Try it
Look below for the line containing "Sunny Vineyard" and the line containing "Lote: 88 - Lote: 88"; repeat exactly those two lines and all lines between them, and nothing else.

Source records
━━━━━━━━━━━━━━━━━━━━━━━━━━━━━━
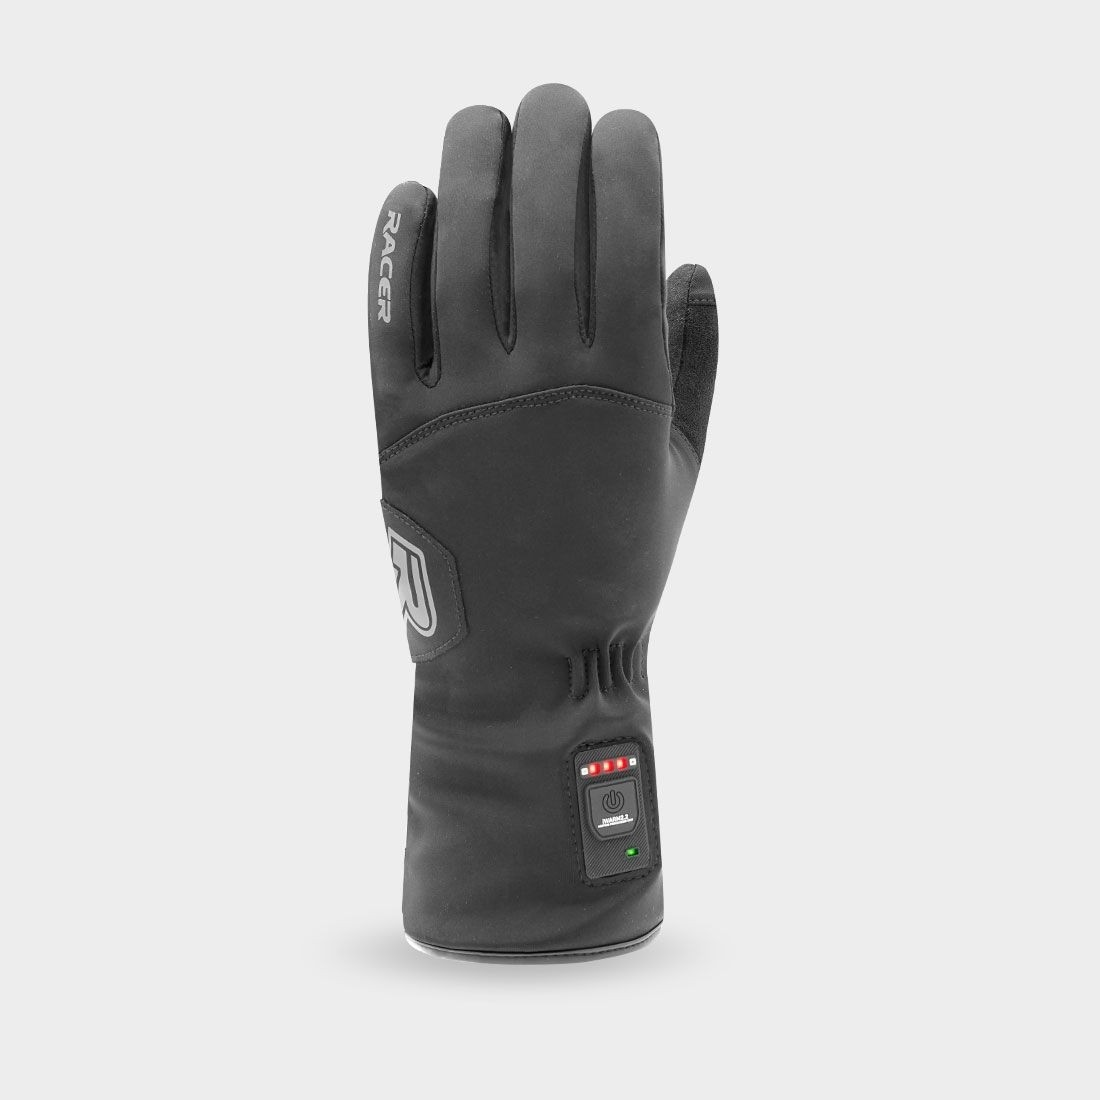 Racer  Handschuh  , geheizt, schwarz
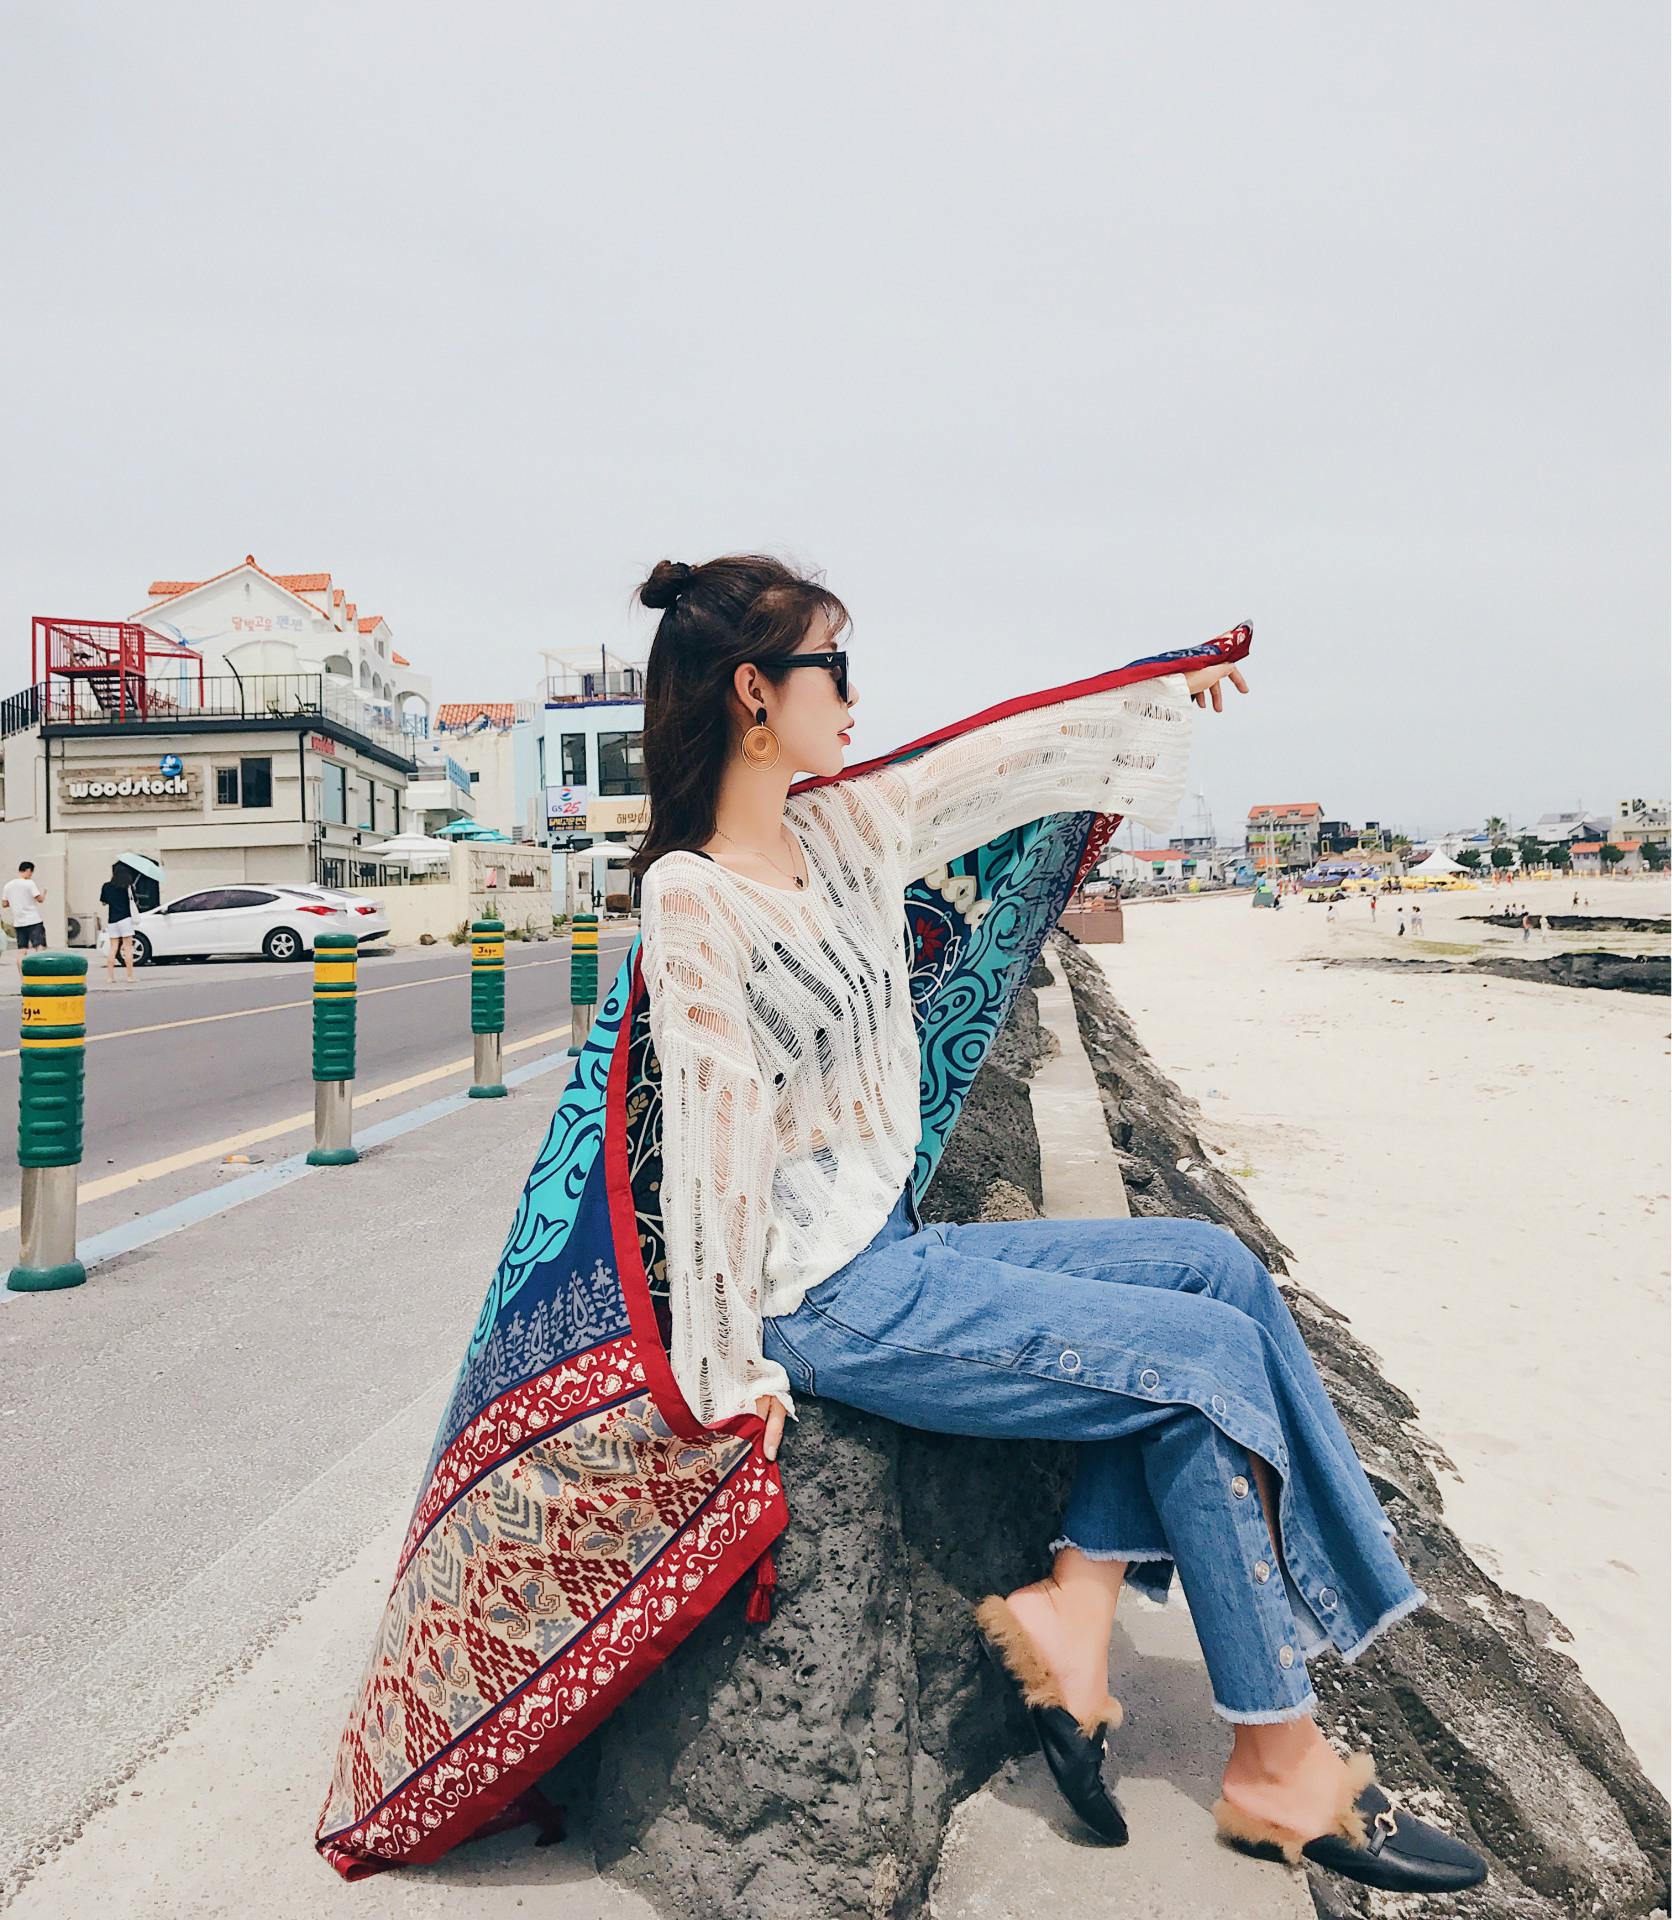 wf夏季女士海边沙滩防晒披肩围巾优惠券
━━━━━━━━━━━━━━━━━━━━━━━━━━━━━━
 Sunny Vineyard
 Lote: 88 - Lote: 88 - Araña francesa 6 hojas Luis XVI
━━━━━━━━━━━━━━━━━━━━━━━━━━━━━━
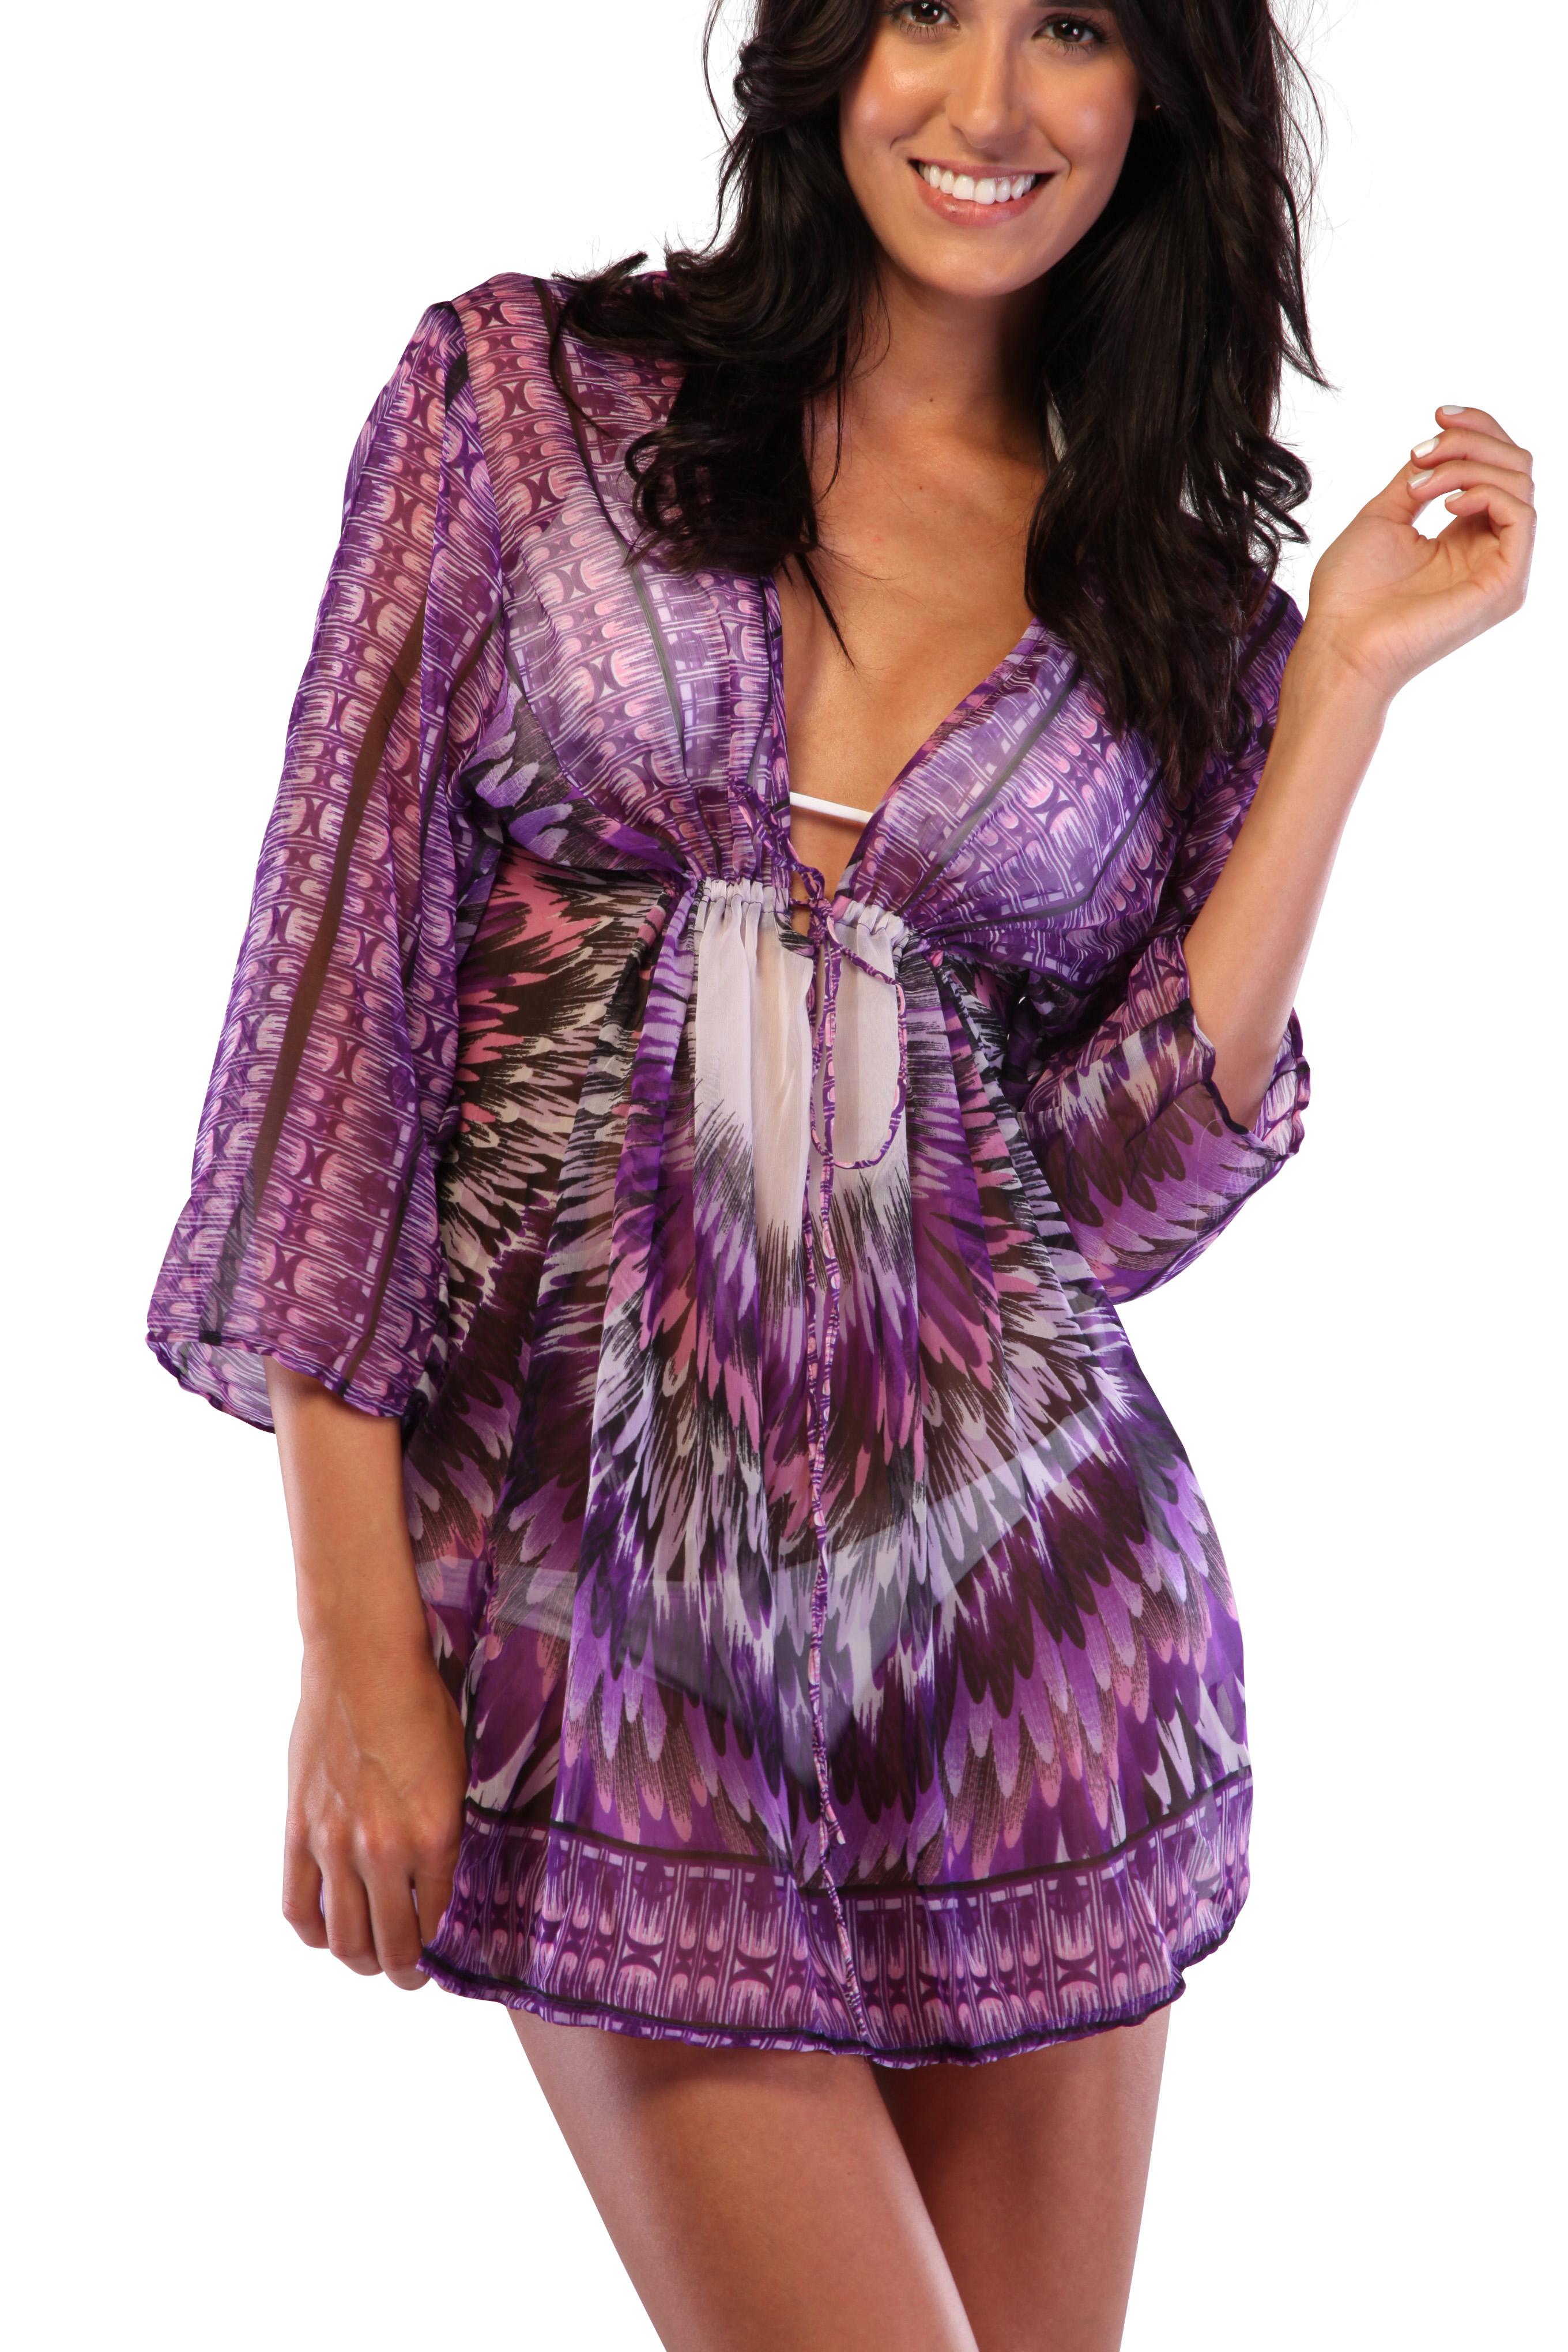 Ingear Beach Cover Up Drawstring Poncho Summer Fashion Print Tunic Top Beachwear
━━━━━━━━━━━━━━━━━━━━━━━━━━━━━━
Exercise response
 Sunny Vineyard
 Lote: 88 - Lote: 88 - Araña francesa 6 hojas Luis XVI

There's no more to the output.